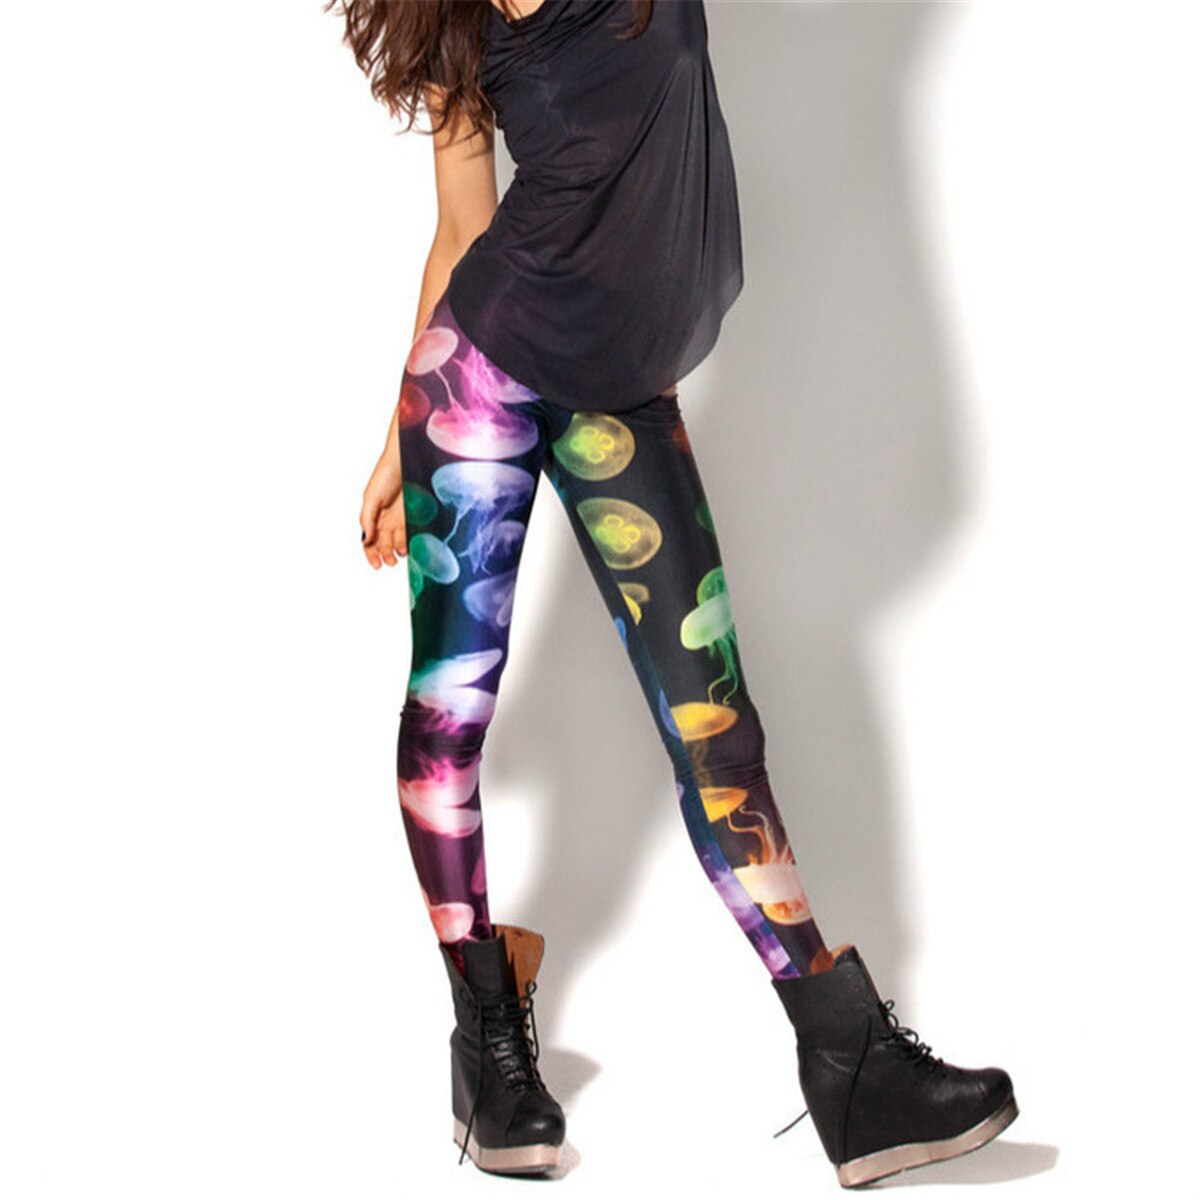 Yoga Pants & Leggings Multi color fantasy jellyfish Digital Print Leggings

--

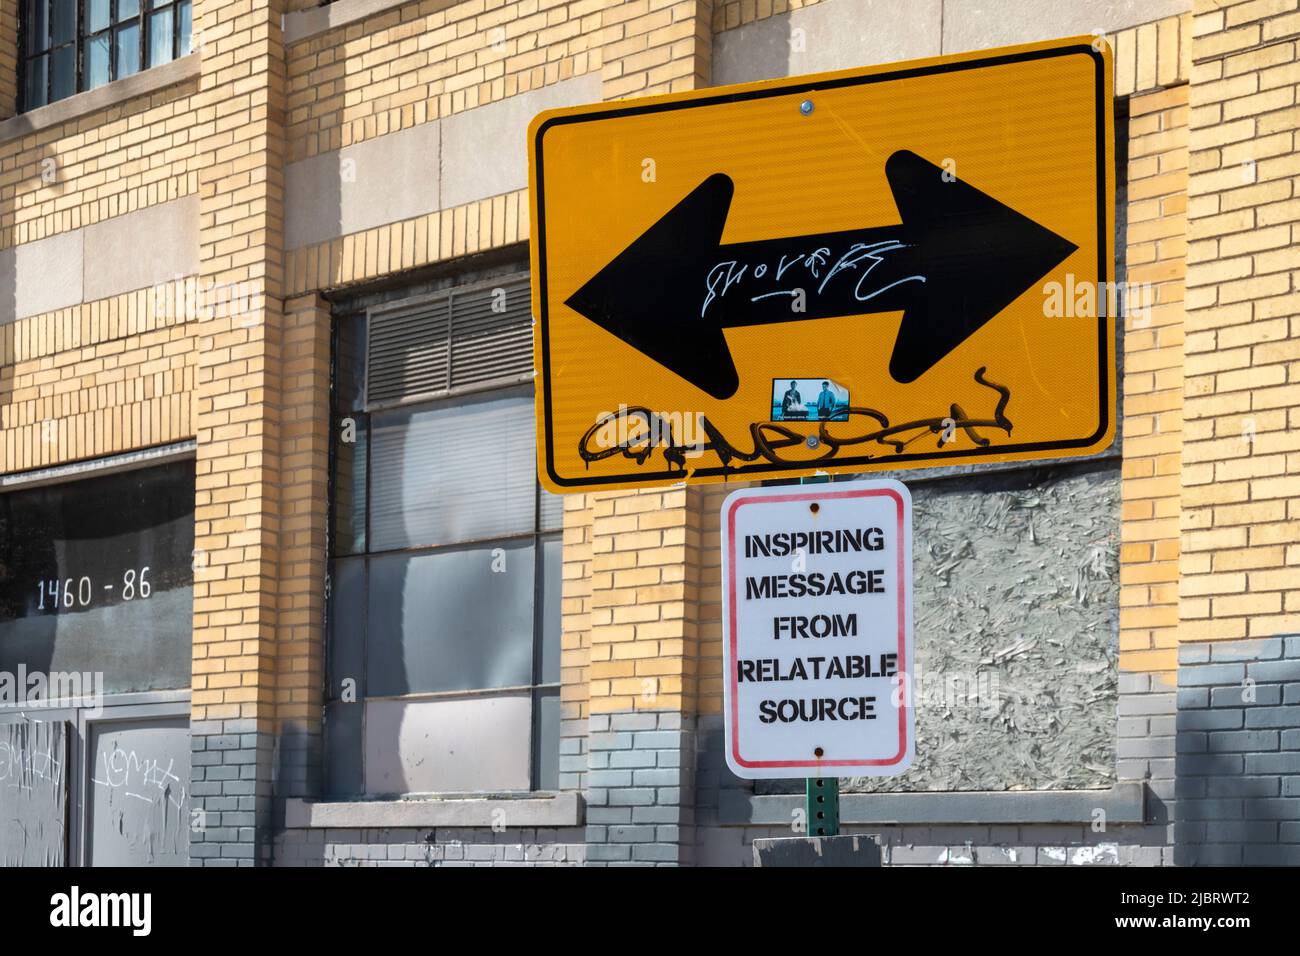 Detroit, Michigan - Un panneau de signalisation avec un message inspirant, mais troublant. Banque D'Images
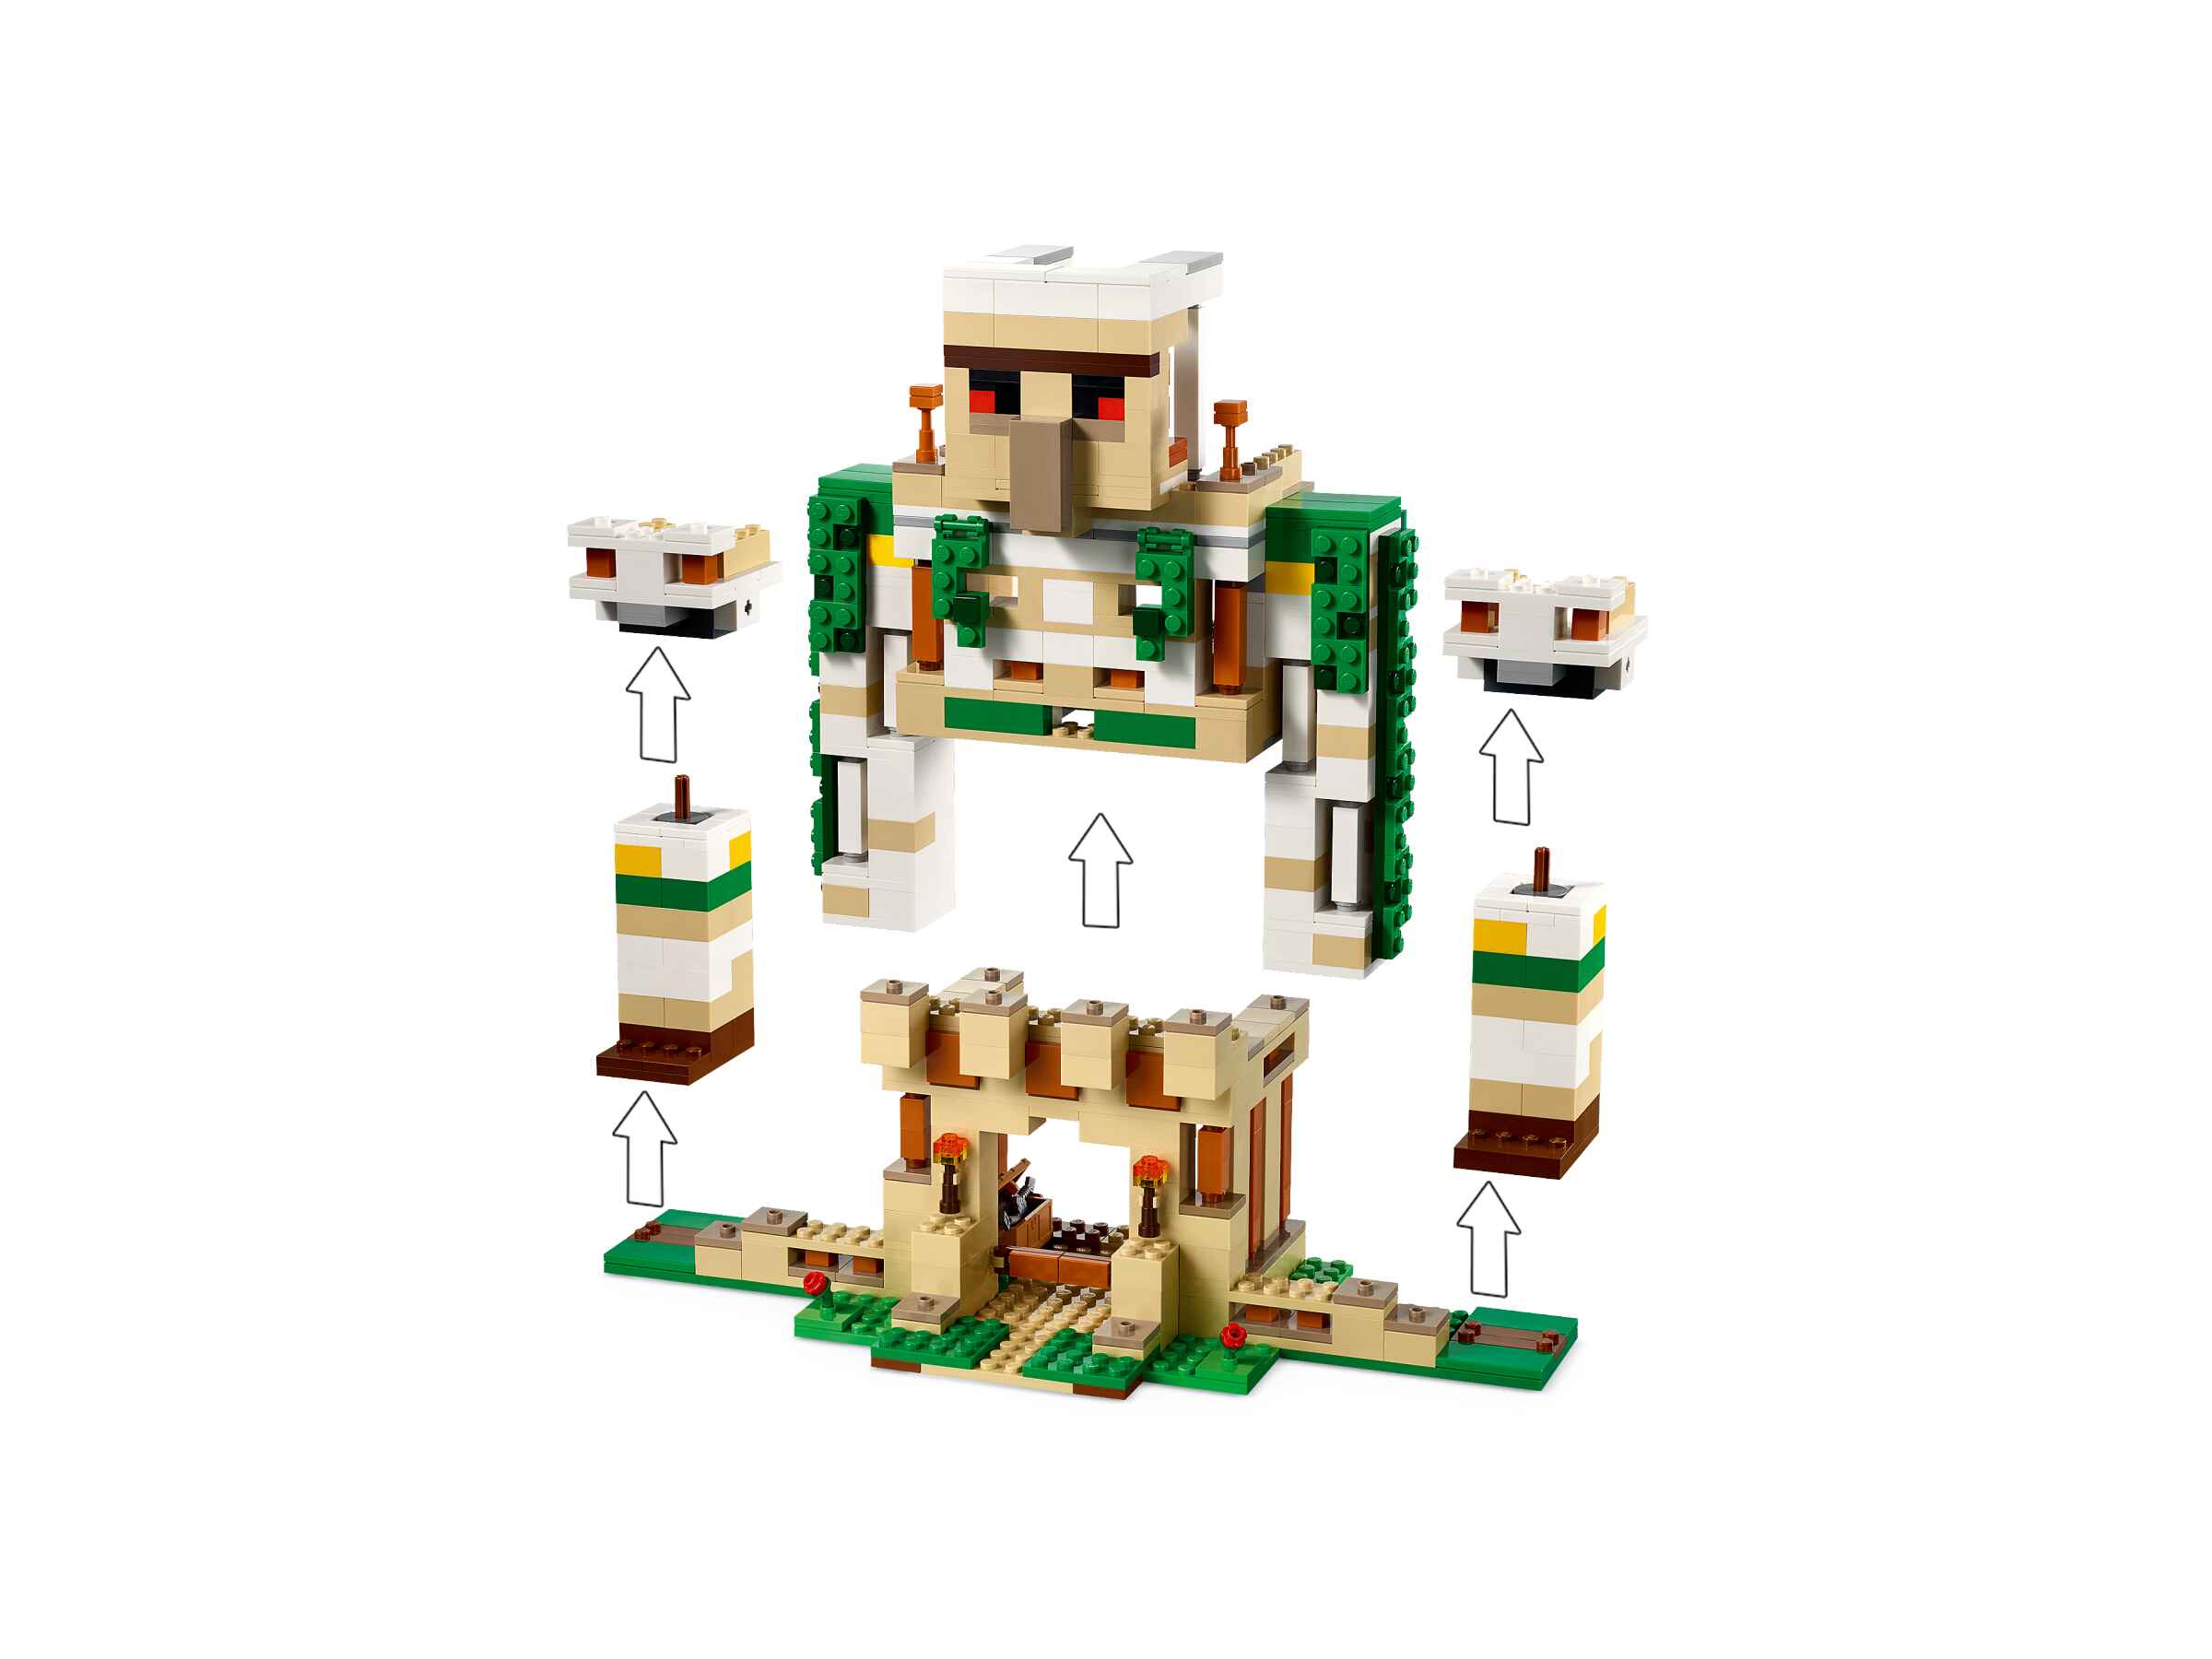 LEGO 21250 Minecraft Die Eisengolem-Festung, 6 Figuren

Task prompt: Return exactly the stretch above whose first line contains "Detroit, Michigan - Un" and whose last line contains "LEGO 21250 Minecraft", and nothing outside it. The pictures should not appear.

Reply to the exercise:
 Detroit, Michigan - Un panneau de signalisation avec un message inspirant, mais troublant. Banque D'Images
 LEGO 21250 Minecraft Die Eisengolem-Festung, 6 Figuren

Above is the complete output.